This study shows how and which distinct industry domains have contributed to establish the MN industry. First we determine the extent of knowledge diffusion within the MN industry, subsequently we define the consolidation into the MN industry on the basis of technological convergence (Fig. 2), and eventually we identify the MN core domains and chart the technology interrelation and its influence on the MN industry development. Both knowledge diffusion and technological convergence are two important drivers of innovation and recognized as crucial components for industry growth , . Specifically within the health and life science sector, both drivers contribute to the evolution of young and emerging industries such as the MN industry . Moreover, scientific advancements are the key ingredient in stimulating both knowledge diffusion and technological convergence.

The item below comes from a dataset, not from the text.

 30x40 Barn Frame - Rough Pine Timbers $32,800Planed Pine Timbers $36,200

The former - knowledge diffusion - is defined as the process through which knowledge is spread along a specific path in a social system . Technological convergence implies a technological change where inventions emerge at the intersection of established and clearly defined industry boundaries . The cumulative effect of both drivers ultimately leads to industry convergence .

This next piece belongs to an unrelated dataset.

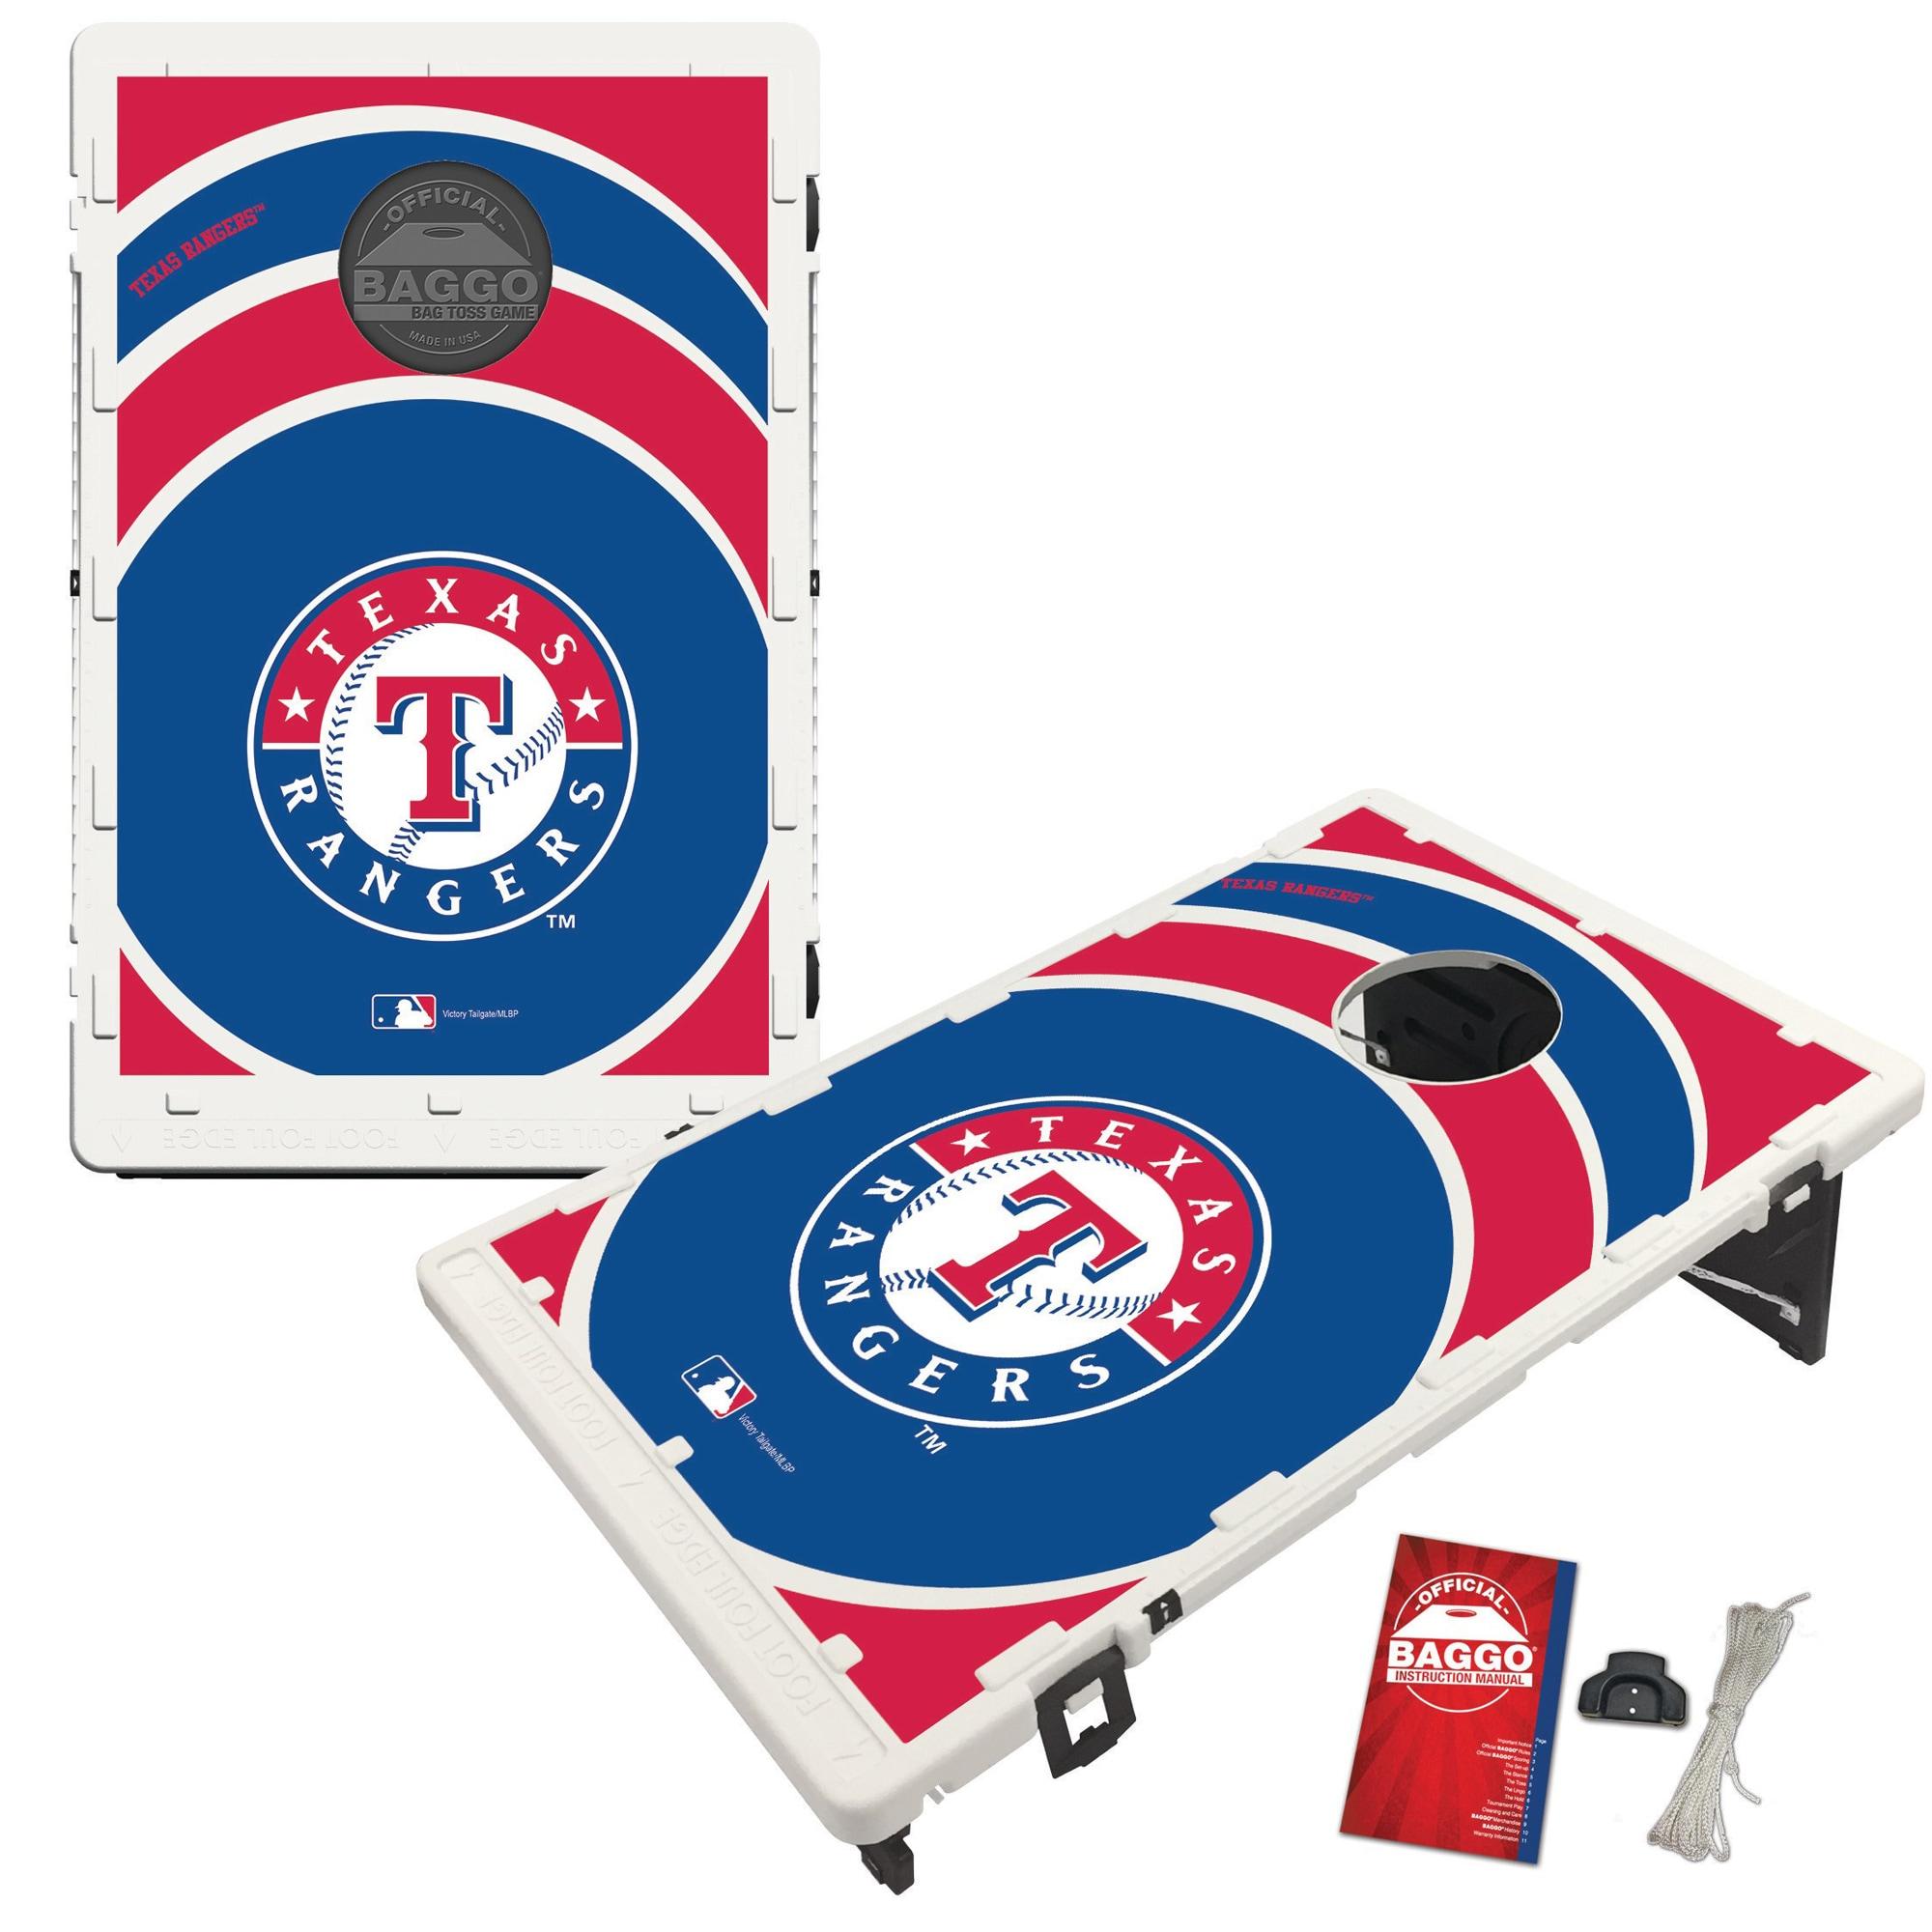 Texas Rangers 2' x 3' BAGGO Vortex Cornhole Board Tailgate Toss Set

The quantitative diffusion and consolidation results from this study will contribute to detailed insights in MN industry development and can help industry players to address specific innovation strategies for the future.
Patents have been proven to be a valuable source of information in mapping MN industry development , , they contain about 80% of all technological knowledge and are generally regarded as precursors of technological developments , . In addition, they can be independently accessed and analyzed through various types of comprehensive and open databases . Finally, in contrary to other knowledge sources, such as scientific literature, patents are categorized according to multiple technology classes according to their technological characteristics. This allows for accurate co-classification analyses to identify the interrelation between technologies . Therefore, in this study, patent data was used to identify the evolutionary (technological) development of the MN industry.
The methods applied in this study are based on research methods by Karvonen, Tseng, and Choi , ,  and adapted to fit our research objective. To determine the stage of convergence in the MN industry, this study is divided into Knowledge Diffusion and Consolidation. Furthermore, the consolidation is divided into technological convergence, and CIA (Figure 3). Data on patents concerning MN was extracted from the Derwent Innovations IndexSM and Espacenet pertaining to the European published patent applications. In total, 274 patent applications were filed by the 5 leading EU MN companies from 1984 up to 2013 (so called; main patents).
Since knowledge convergence is the first stage of convergence, the analysis of knowledge flow within the MN industry is an appropriate method for identifying possible current and future convergence between knowledge disciplines originating from different industries . Patent citation data is considered an important information source for analyzing science-based knowledge flows. Patent citations within the MN industry are indicative for the technological relationship between patents in the MN industry –. Patent citations refer to the number of cited patents within the original patent application as an indicator of prior art. Such an analysis provides information of inter- industry competition and knowledge spillovers , .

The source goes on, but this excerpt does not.